И зима не загоняла меня в теплую детскую. Только, бывало, нанесет снежку, начнет сильно морозить, я надеваю свой китайчатый на зайце тулуп, шапку, рукавицы и отправляюсь звать отца гору строить. Тотчас же бросит баловщик свою работу, подпояшет халат ремнем, наденет фуражку — и пойдем мы с ним на двор. Закипит у нас работа: отец загребает снег на мою большую гору, а я топчусь около него по снегу ногами или убиваю его рукавицами. Как раз поспеет у нас гора и отец скажет мне: «Погоди, я велю ее облить водой». И помню, как стою я подле горы, полна нетерпения.
Вот вижу, как из кухни повар и солдат несут ушат воды, вода плещет через край, и жаль мне, что она даром льется. И кричу я им: «Тише, тише, голубчики!..» Но вот входят они на, гору, ставят ушат, вытаскивают водонос, берутся за ушки ушата, опрокидывают его, и вода каскадом сбегает с горы. Как описать мою радость и муку вместе? Надо ждать, пока мороз не скует снег ледяною корою. Сколько раз снимаю я рукавицы и прикладываю руку к горе. Наконец, рука скользит по льду… «Можно, папочка! можно!» — кричу я отцу — и откуда берется у нас рогожка! и я в первый раз слетаю с горы на коленях отца, после чего она отдается в мое полное владение. И как ни придумываю я кататься с нее: и сидя на дощечке, и стоя, и лежа ничком, и сколько раз колочусь, бывало, об конюшню головой. Но как видно, я в те блаженные годы за тычком не гналась.

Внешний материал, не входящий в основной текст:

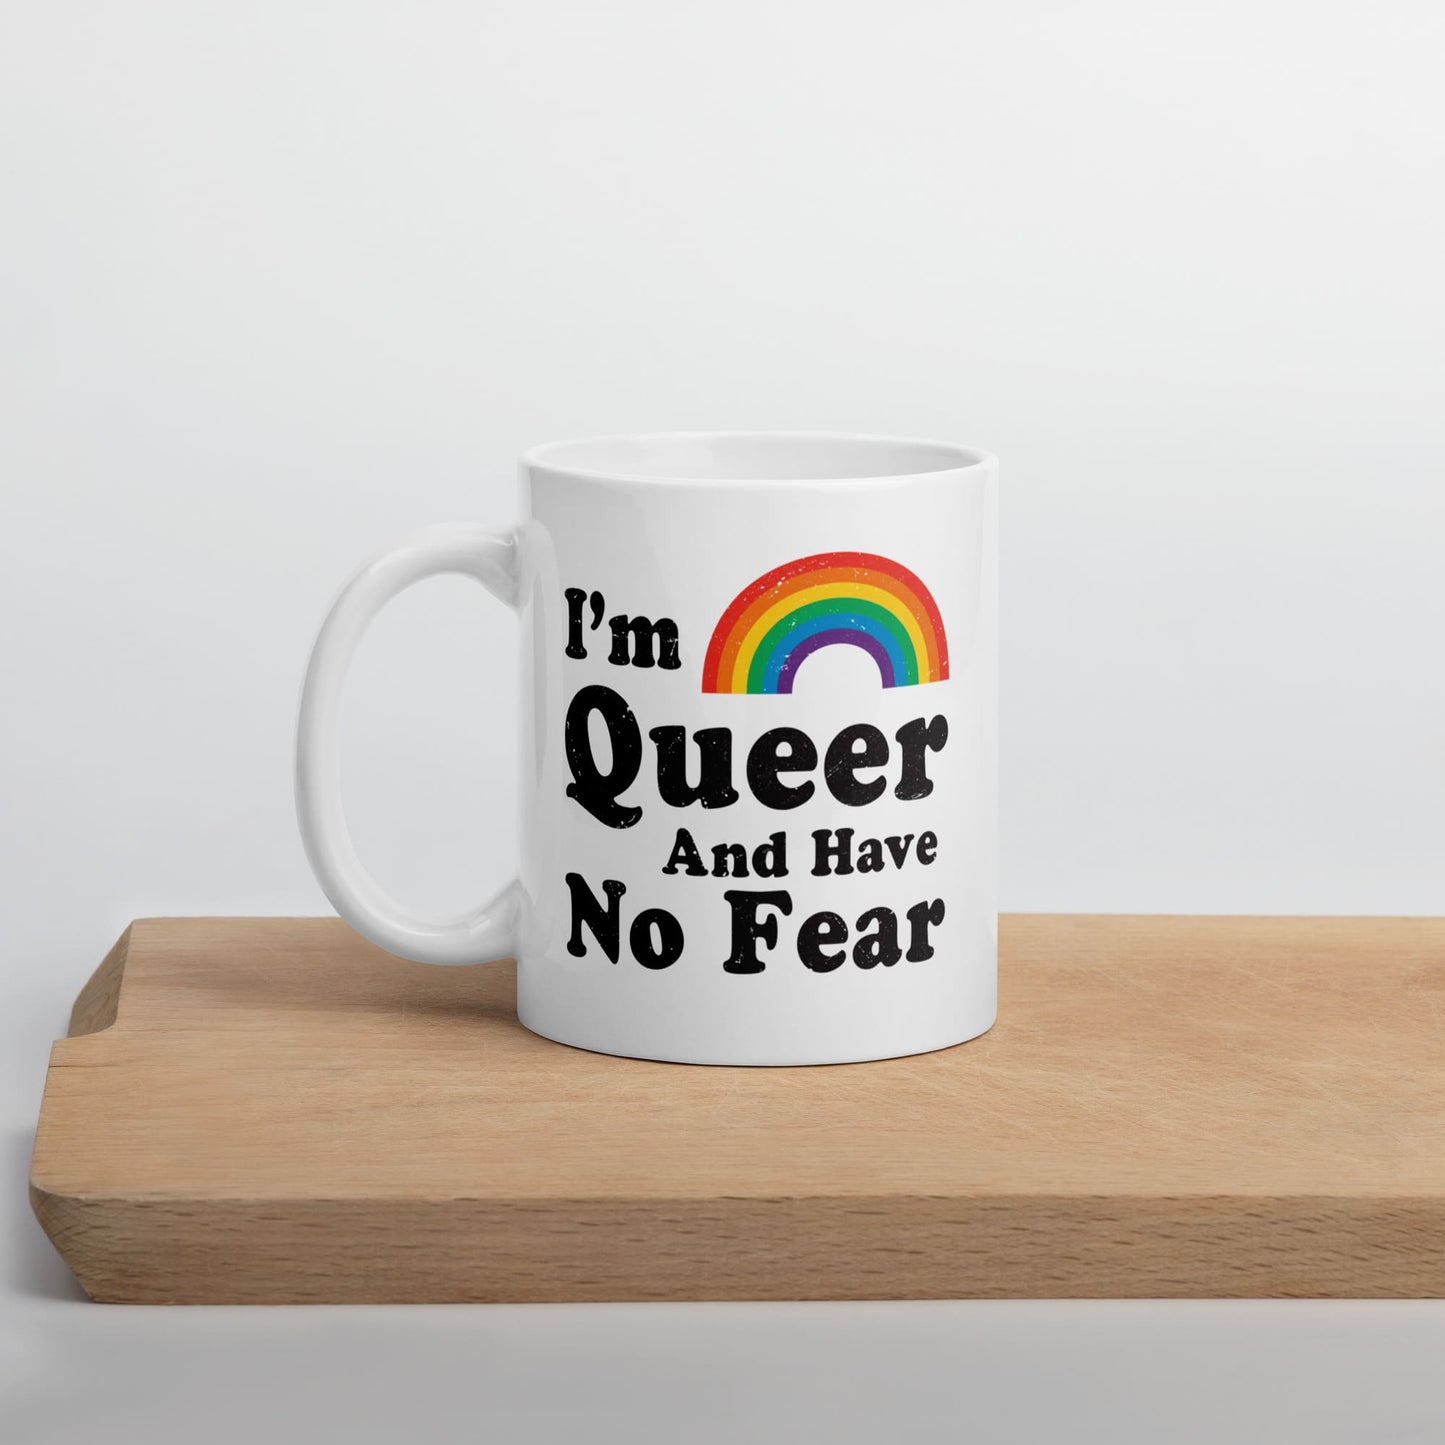 queer mug, funny LGBTQ coffee or tea cup on table

Бывали у меня иногда и горькие минуты во дворе розового дома.
По воскресеньям, например, когда мать моя, по доброте сердечной, забирала к себе на праздник сирот-кадет из корпуса и когда этим милым гостям приходило в голову учить меня ружейным приемам и маршированью, больно доставалось мне по голым плечам щепкой, изображавшей шпагу, от мнимого офицера — кадета Жозефа. Больно было, очень больно, но я спартански сносила боль, глотала слезы — и с палкой на плече выступала за ним журавлем. Это бы все — еще ничего, что больно; но зато честь велика!

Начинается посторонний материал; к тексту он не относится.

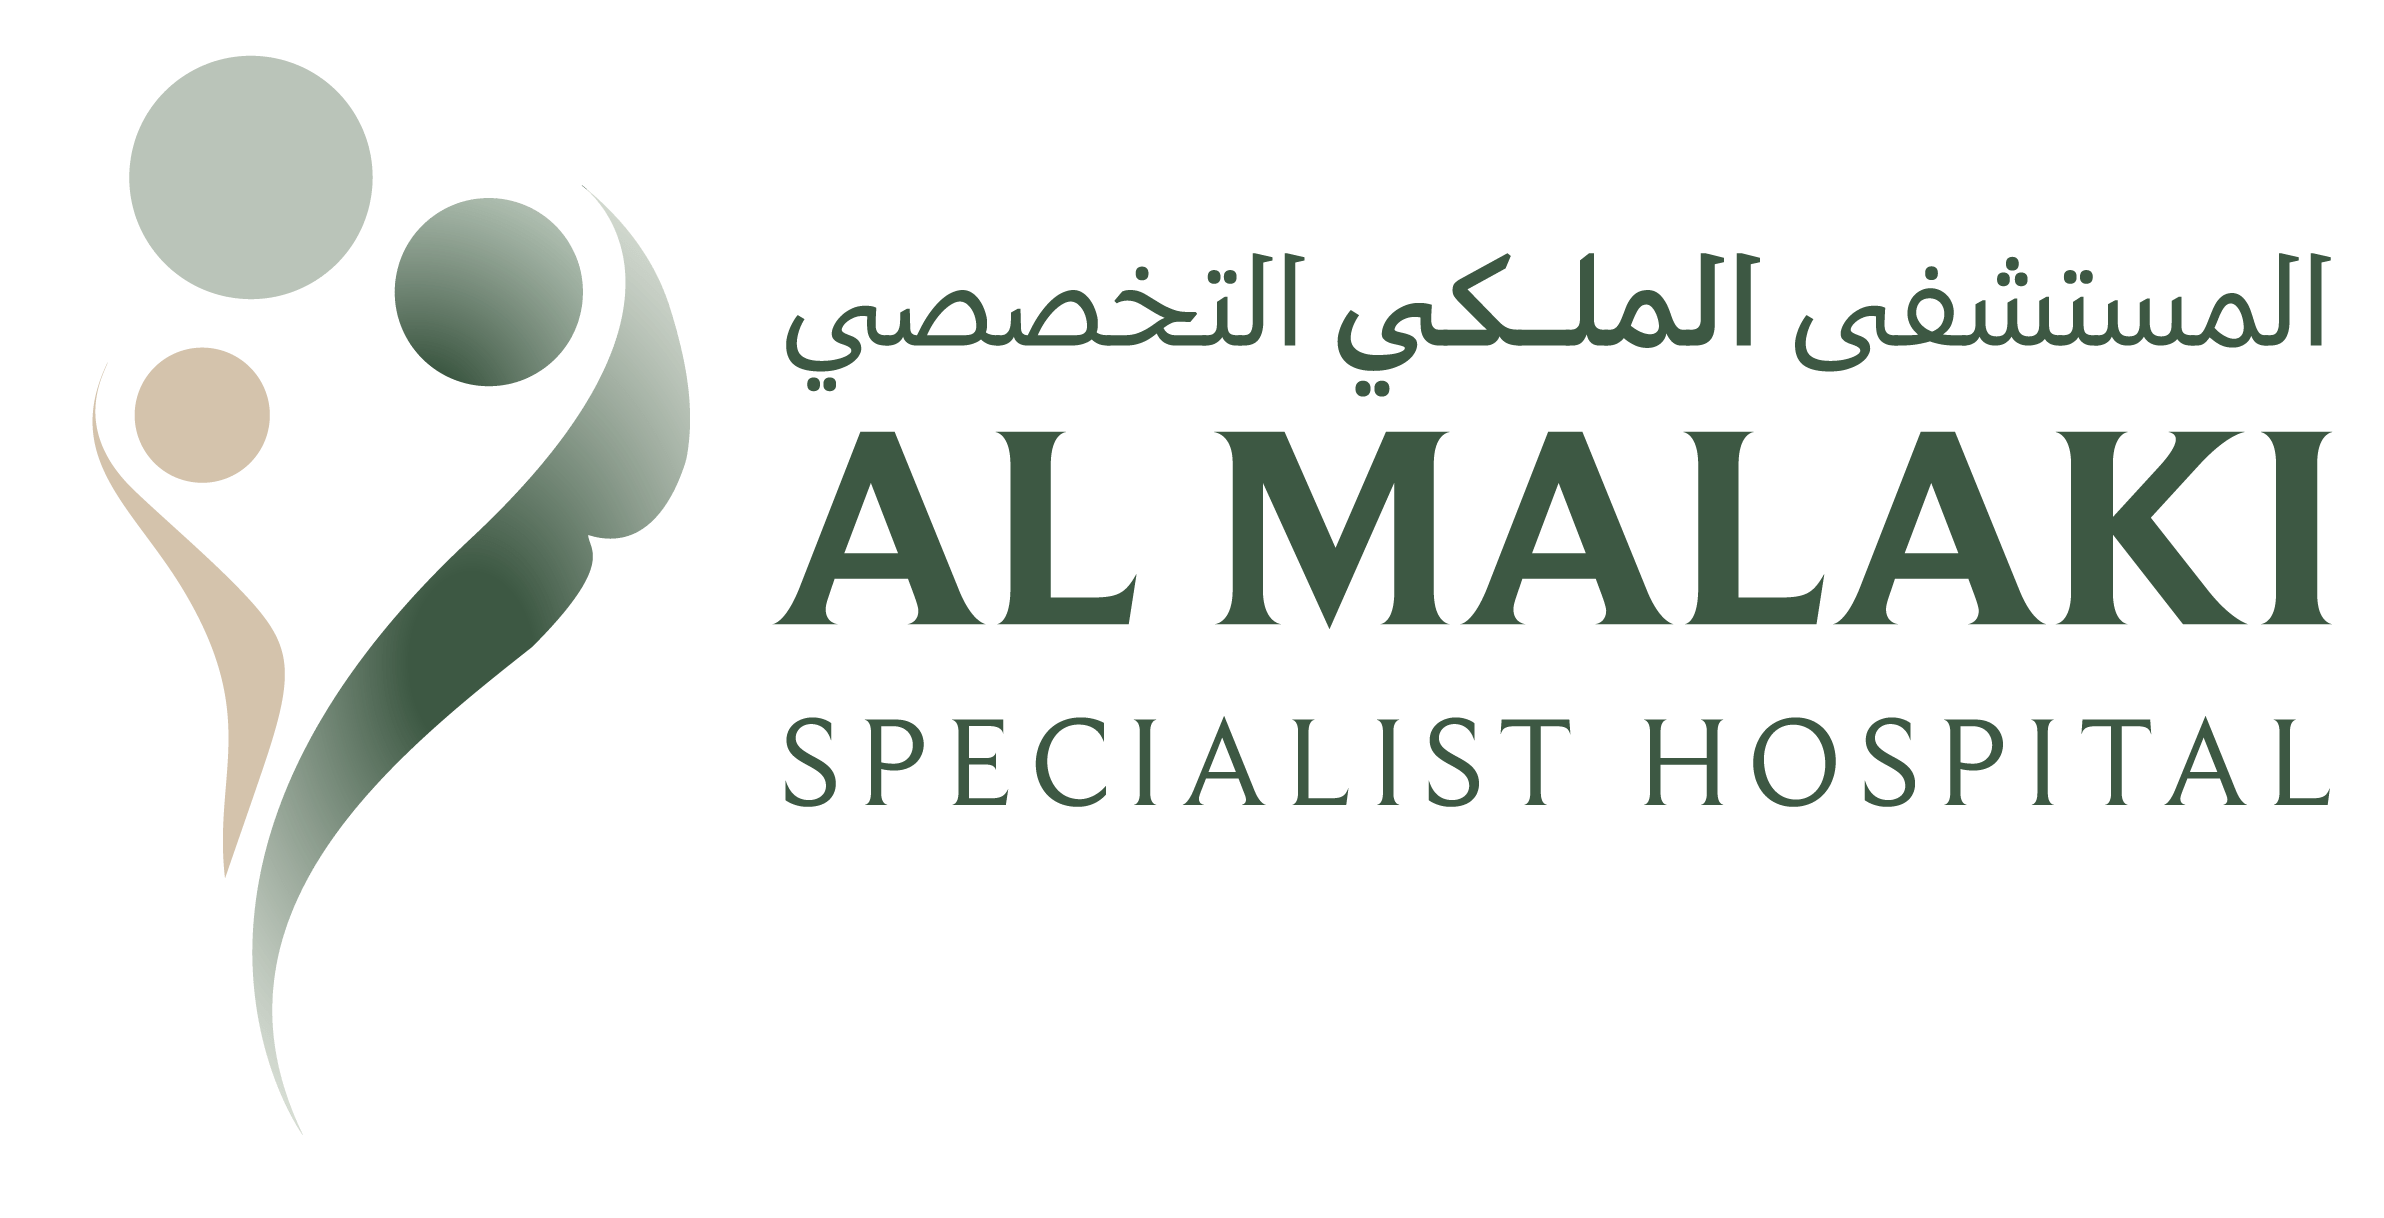 Al Malaki Specialist Hospital

А вот что было обидно: после обеда маменька выходила на крыльцо и за ней няня Аксинья выносила большой поднос с гостинцами, и начиналась дележка. Маменька поровну клала в руки каждого из нас пастилы, орехов, изюму, черносливу и уходила опять в комнаты. Не успевала она скрыться за дверьми, как кадеты мгновенно поглощали свои порции и начинали поглядывать на меня искоса.
Я жадна не была: раскушу, бывало, миндальный орех, воткну его в изюминку и закричу Жозефу: «Жозя! Жозя! Посмотри, какой я грибок сделала!» Мрачно подойдет ко мне Жозя, поглядит на грибок еще мрачнее и скажет страшным голосом: «Кто даст — тот князь, а кто не даст — тот половину колена в грязь!» Сама не знаю, чего я пугалась, но при этом возгласе изюминка моя с орехом всегда переходила в руку, а из руки в рот Жози; а за ней и все остальные сласти мои уходили тою же дорогою и скрывались во всепоглощающем желудке кадета.
Вот это можно сказать, что была кровная обида! Одно мне непонятно до сих пор: что заставляло меня отдавать добровольно все этому маленькому злодею? ужели гордость? ужели боязнь, что я не буду княгиней, если съем сама свои сласти? Или страх попасть половину колена в грязь? Я думаю, что грязь пугала меня более, потому что об титулах мира сего я не имела никакого понятия. Вот тому пример. У нас был сосед архитектор Момзен, у него были две дочки: Катенька и Лизанька. Часто играли они со мной на дворе. Раз как-то Катенька вдруг спросила меня:
— Кто ваш папенька?
— Мой папенька граф ***, — отвечала я.
— Да что ж это граф? Этого мало! А кто он, какой его чин? — продолжала допрашивать Катенька.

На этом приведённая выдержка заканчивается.